I am sitting at a small desk in an upstairs bedroom of my sister’s house in Transylvania, the notorious Romanian province. She lives with her family in a house surrounded by blue and green hills and serenaded by armies of crickets every night. Nighttime is magic. Lights glinting all lined up far away make me think of oversized wands thrown from the sky by mad magicians. Owls hoot tirelessly and fly with their padded cottony wings over the fields to get their nightly rat and lizard fix.
The boys are asleep, dead tired after a long day. They had water fights and chased lizards around the yard. They also found some lizard eggs that are now safely placed in a large container filled with dirt on a sunny windowsill where they’ll hopefully hatch one day.

We explored the fields around including some archaeological sites where we found some pieces of roman skulls and other bone fragments, plus some roman pottery shards. I have to admit that holding a piece of skull in my hand, all bleached by the minerals in the soil – that’s two thousand years of bleaching – and of course by the sun over the last few weeks since the digging started, well, that’s one humbling feeling. I could see the suture all ragged like a broken zipper, plus the softly curved space where the brain was once nestled. People who walked the very ground I am standing on more than two thousand years ago. They laughed and cried and loved to see the sunset just like I do, they were joyful and mad and pensive. The boys kept asking “This is part of a roman’s head, right, Mom?” Yes, it is, I kept answering. That’s all that’s left after all. We struggle so much for things that have little or no relevance in the big picture. The more I think about it the more I believe that it’s not about the things we touch and deposit inside some walls but the ones we cannot touch that go straight to the heart and get braided into thick strands of everything that’s real, the only reference to having been truly alive. There’s odd impossible-to-assemble anymore pottery pieces left behind by archaeologists. They feel rough to the touch and have dirt-filled ridges in them. Pieces of a puzzle lost forever, except for two that somehow match and give us the thrill of a glimpse into a long lost past. The skull and bones we leave behind, they’ll find their way back in somehow as the site will get covered.

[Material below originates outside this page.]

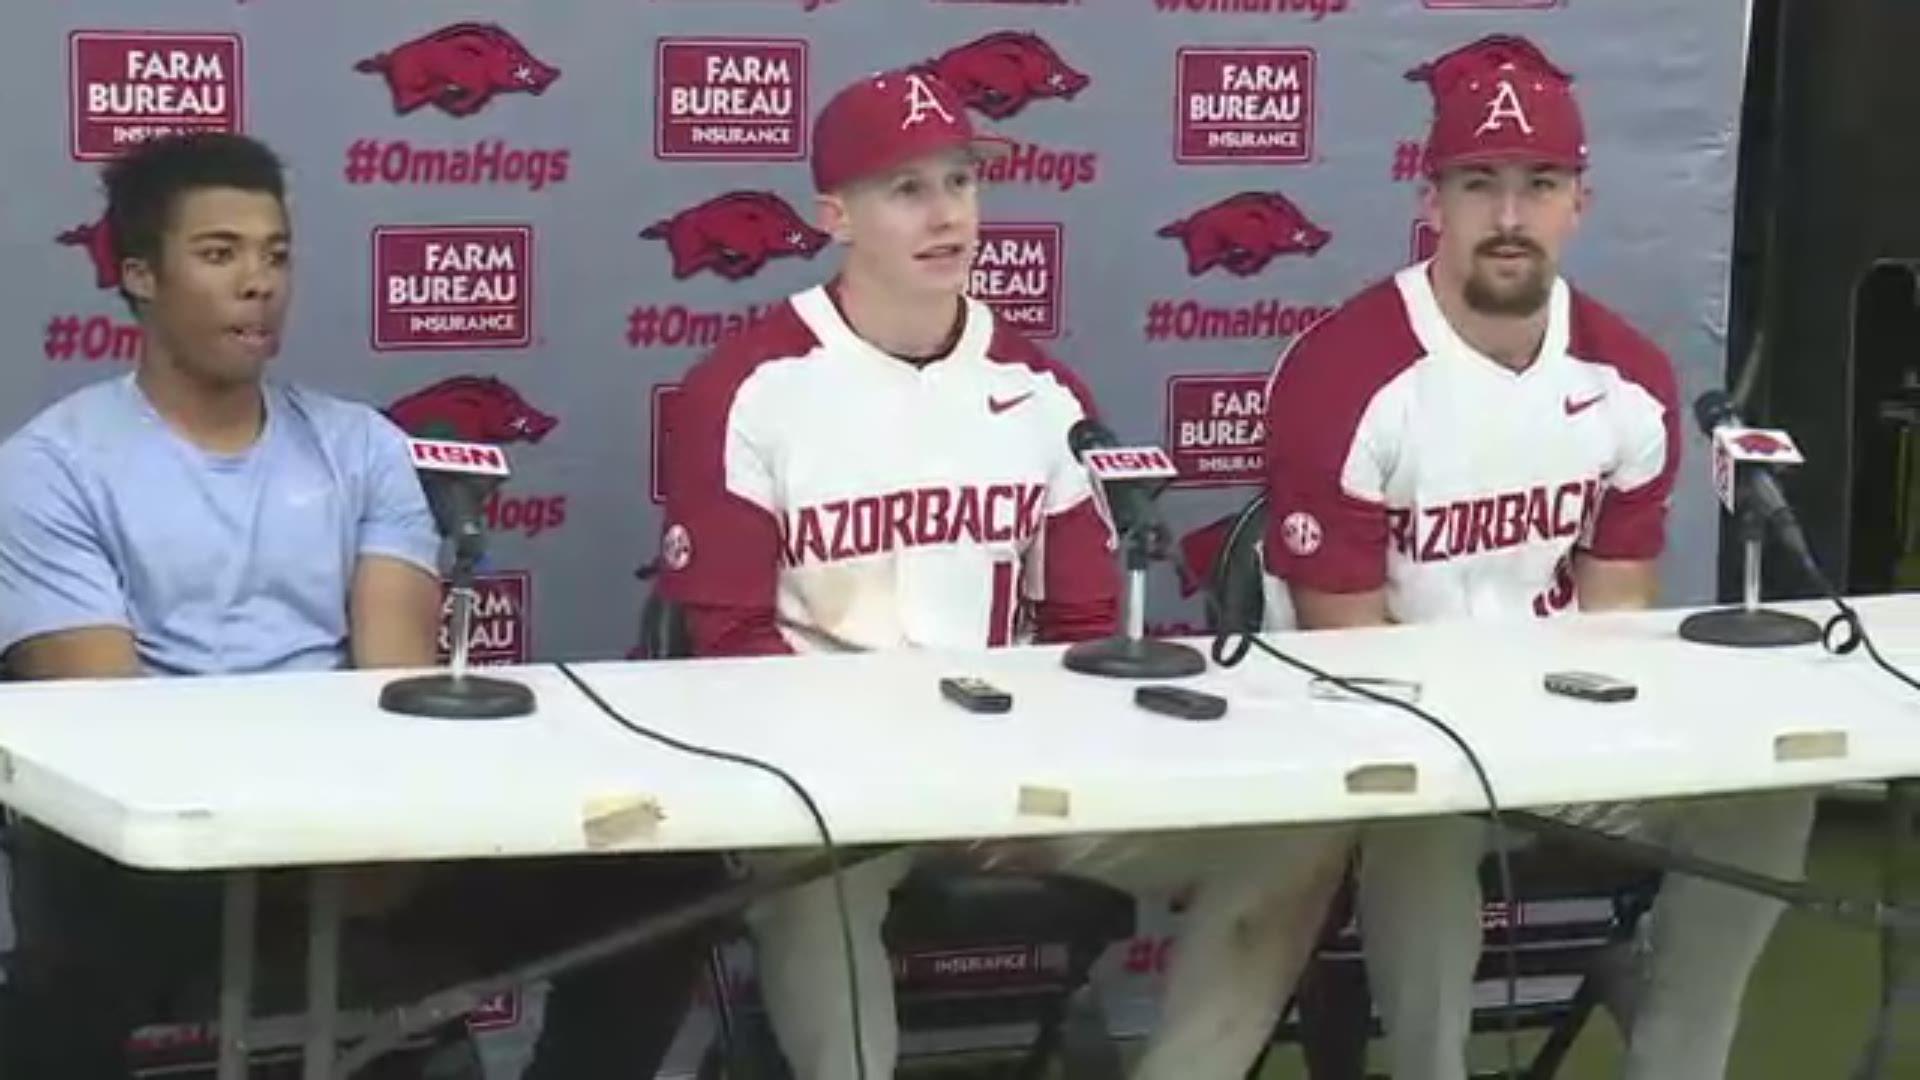 Franklin and Kjerstad combined to drive in all five Arkansas runs in Friday's 5-1 win over Eastern Illinois.

Before sunset we go for a walk to a grocery store. Sasha collects a nice flat rock for me which I’ll take with me back home, I’m known to do that. Every now and then Tony stops, grabs my arm and grins: “I like being here.” I do too. The air is warm and soft and some early cricket chirps twirl through the orange glow like confetti. The boys stop every ten steps or so to touch a tree, or a big metal gate with an intricate design.
As we take some back streets to avoid busy roads, I am learning the following:
–    Behind every gate there is a barking dog. Loud and sudden, that is, which translates into every little hair follicle standing up straight and my skin feeling frozen for a few minutes after. Just until the next dog gets us.
–    While it may look like fun to make the dogs bark since they are behind the fence, some are big enough to jump over the above mentioned fence. Big enough means the equivalent of an oversized pony. I can’t, nor do I want to imagine the size of the thieves these dogs are supposed to protect the properties and their owners from.
–    There is a pink house with a big metal gate and behind it three black Rottweiler dogs. There used to be four but one got hurt and was eaten by the others. Gulp. No, no pun intended, that’d be a cruel one.
–    The narrower the side streets the faster people drive. Gluing ourselves to the fences we’re passing by to avoid the fast moving metal devices sets the dogs on fire. There is a certain thrill in almost feeling the hot breath of a dog that cannot get me.

The dark fields are laced with cricket chirps like a giant web of sounds in which owl ghost-like calls bounce up and down, invisible cotton balls. The house is asleep and my thoughts crawl all drunken with the promise of solid dreamless sleep into a burrow of quietness. A good long day indeed.